#### Your goal
Your answer should be an exact copy of all the entries, free of pictures.

[Collection entries]
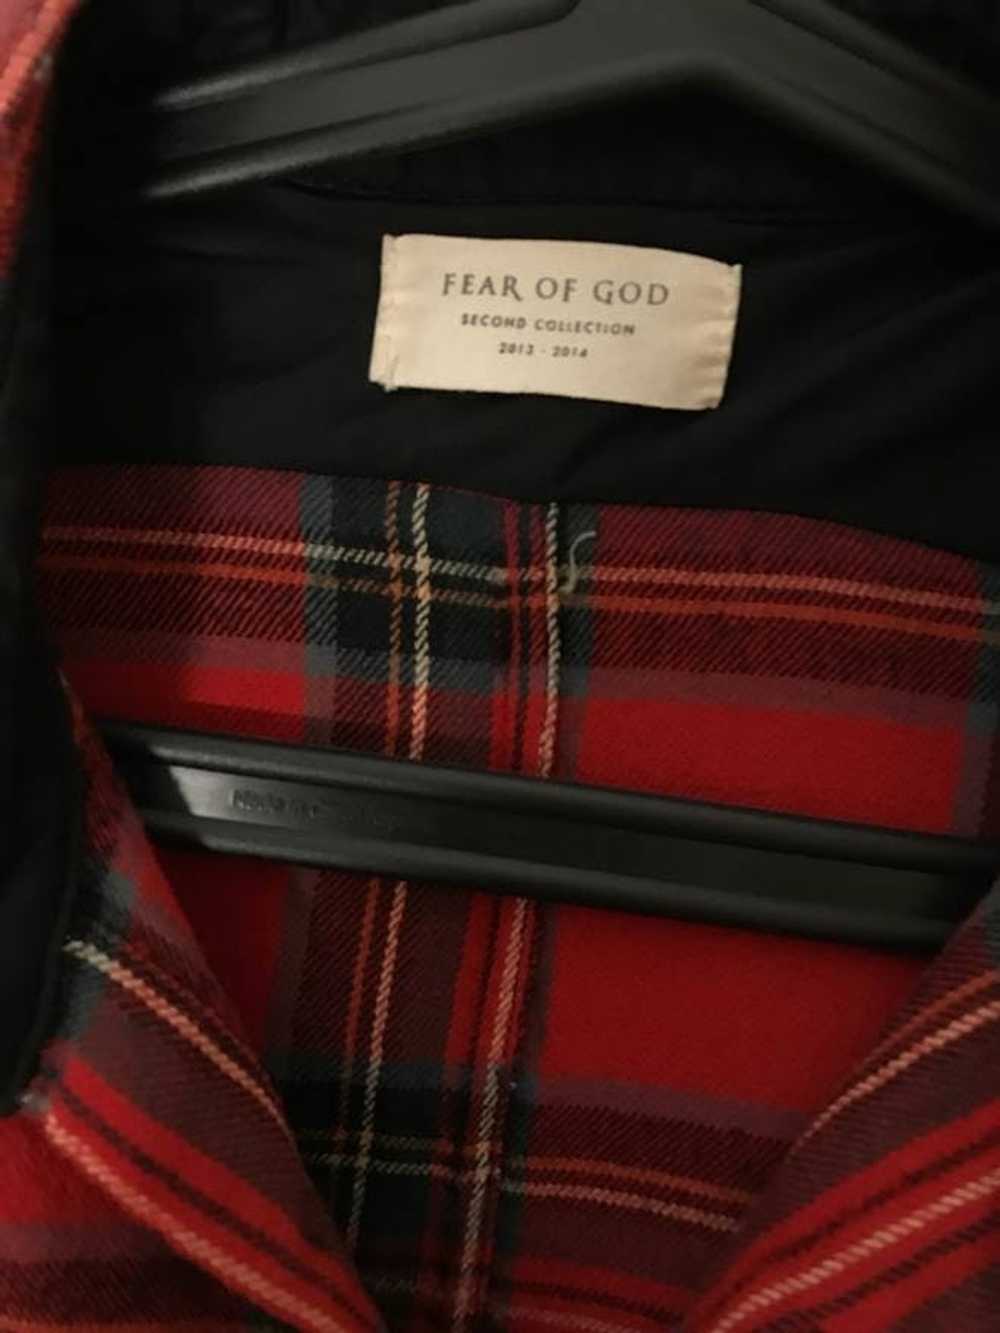 Fear of God Red flannel 2nd Collection - image 2
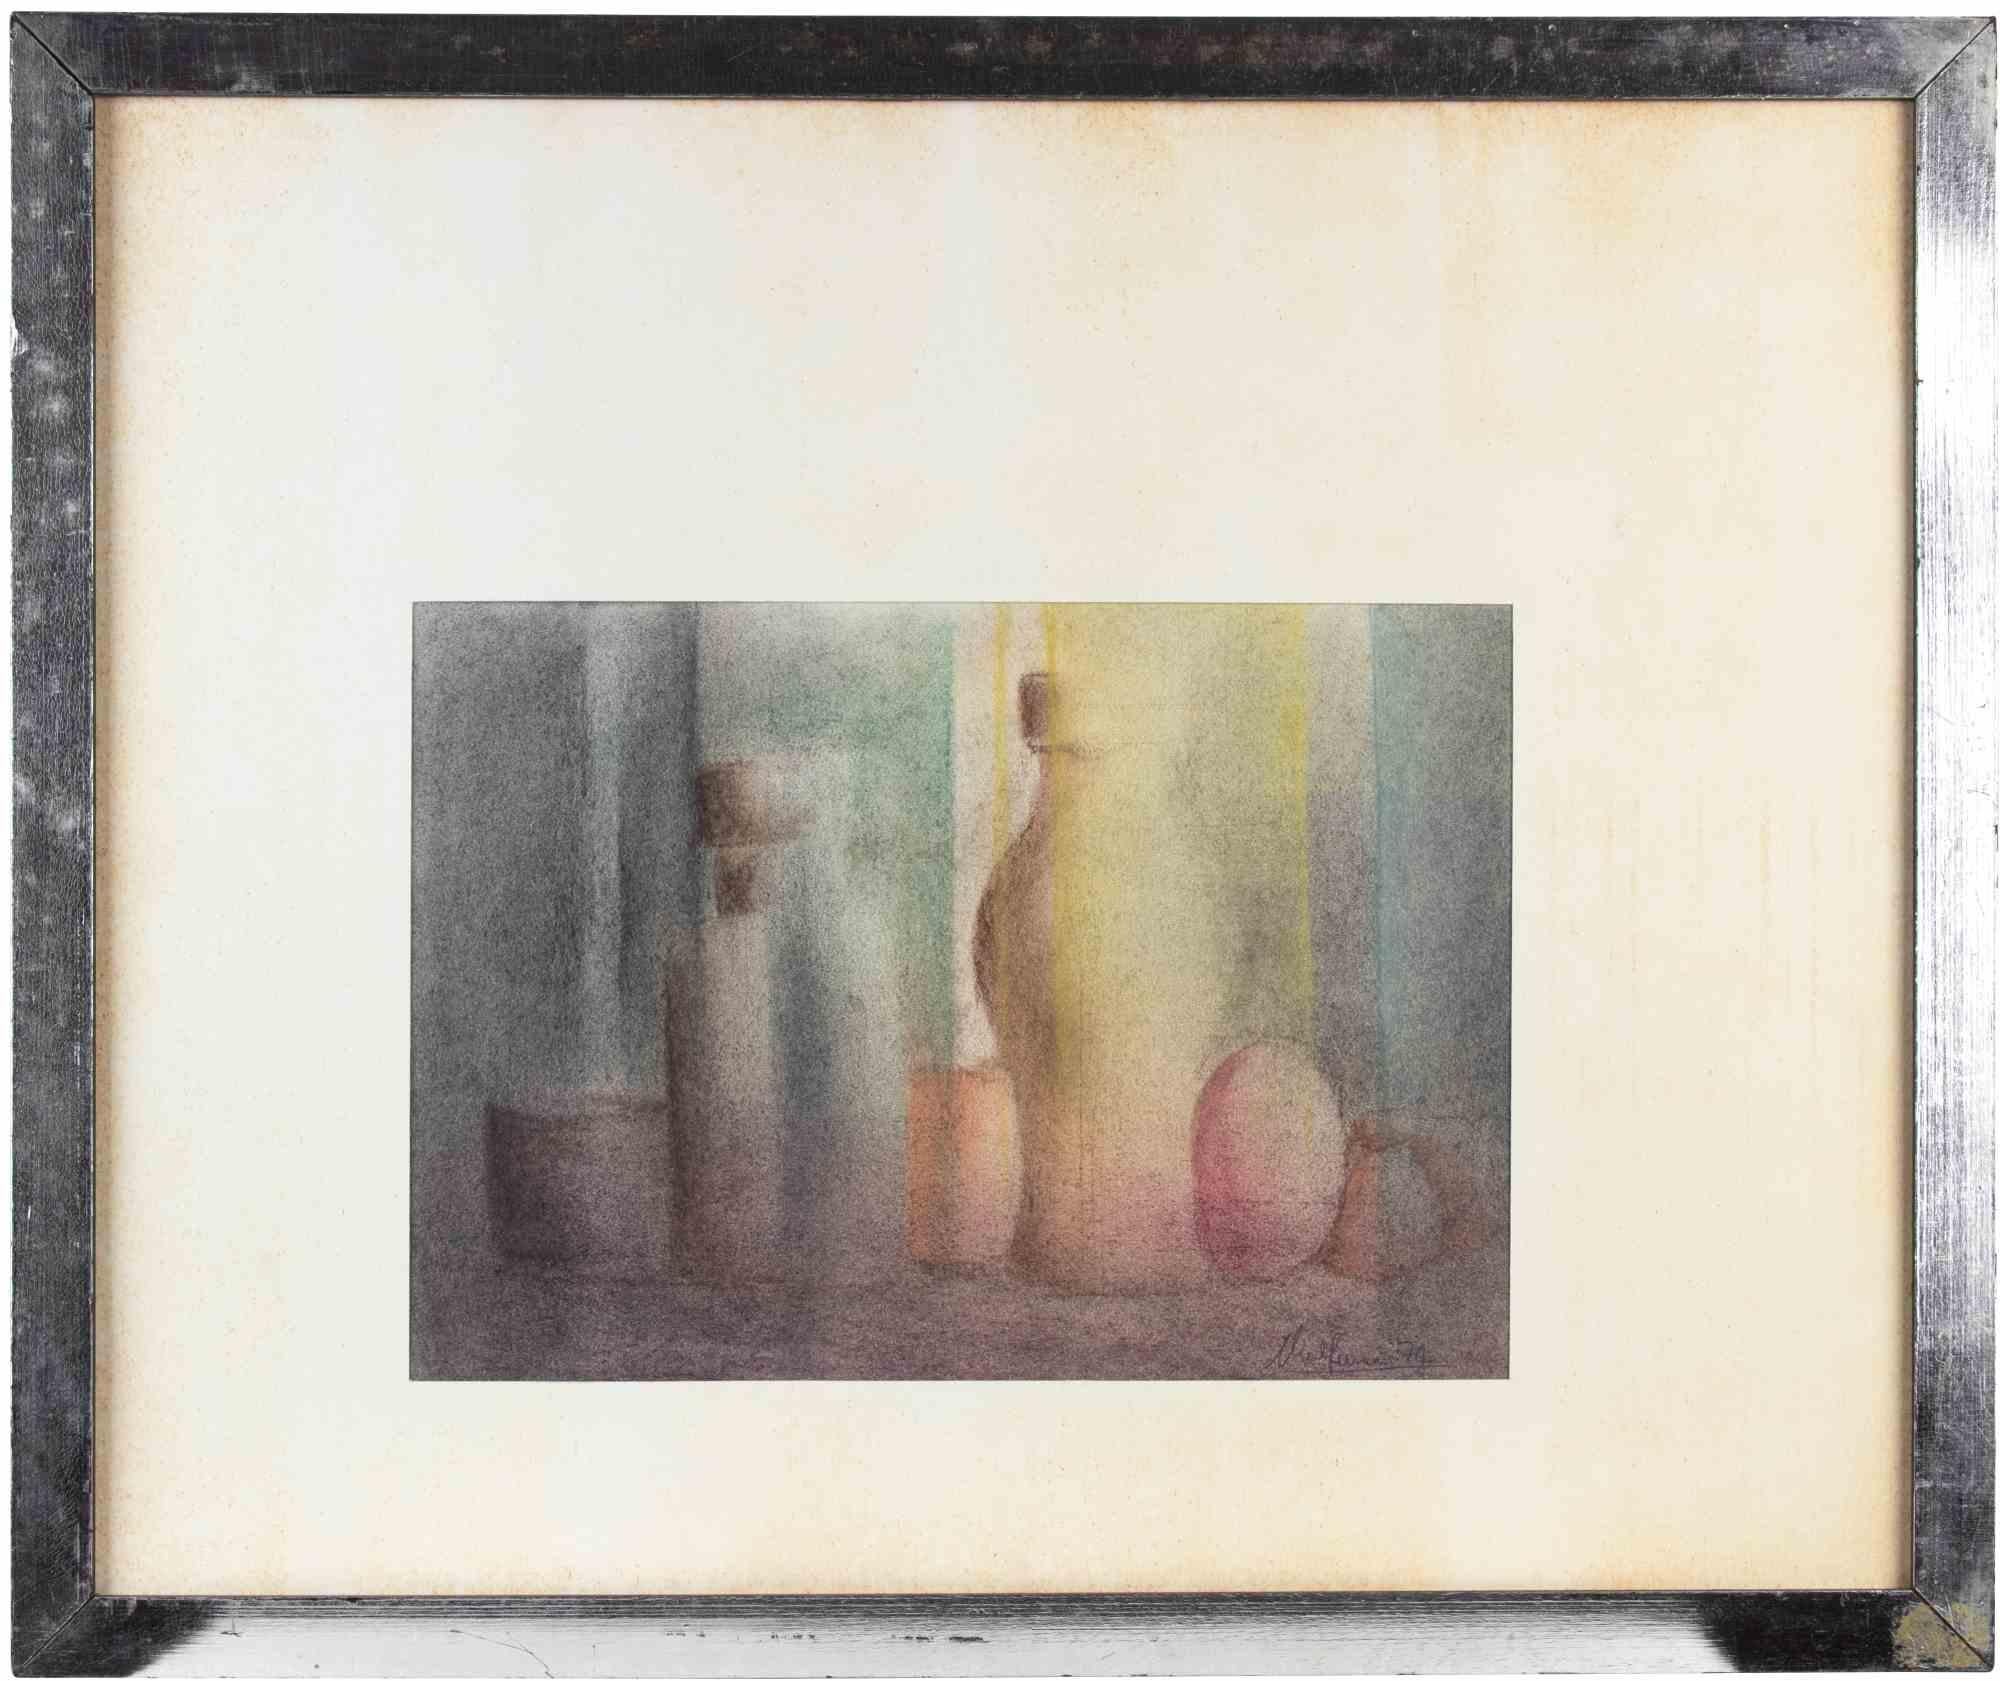 Vases is a contemporary artwork realized by Alfredo Malferrari.

Mixed colored drawing.

Hand signed and dated on the lower margin

Includes frame

Fair conditions
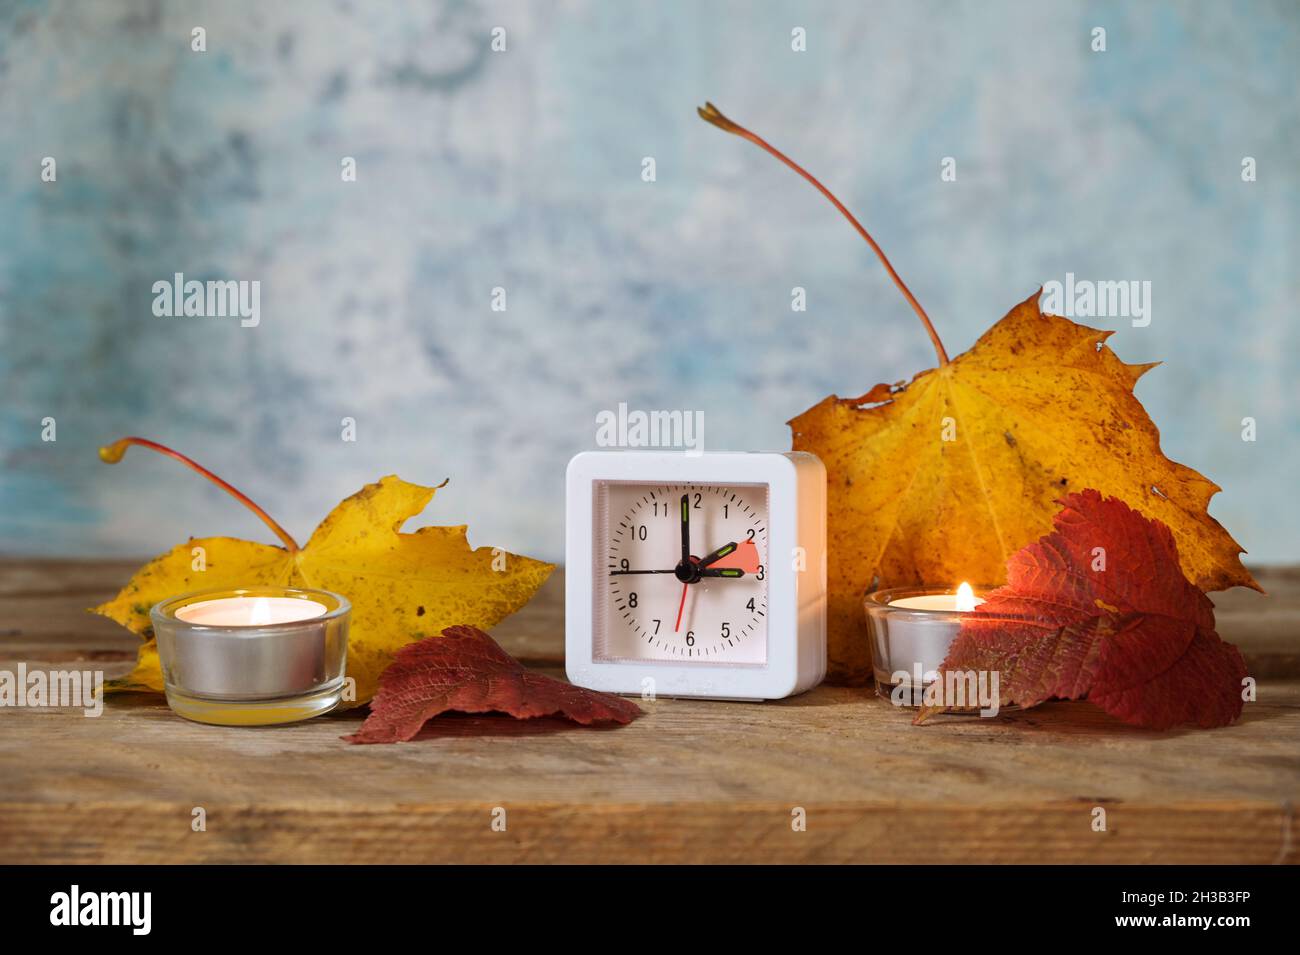 Changing from summer to winter time in October, small alarm clock set back one hour, autumn leaves and candles on rustic wood, light blue background, Stock Photo

#### Solution
 Fear of God Red flannel 2nd Collection - image 2
 Vases is a contemporary artwork realized by Alfredo Malferrari.

Mixed colored drawing.

Hand signed and dated on the lower margin

Includes frame

Fair conditions
 Changing from summer to winter time in October, small alarm clock set back one hour, autumn leaves and candles on rustic wood, light blue background, Stock Photo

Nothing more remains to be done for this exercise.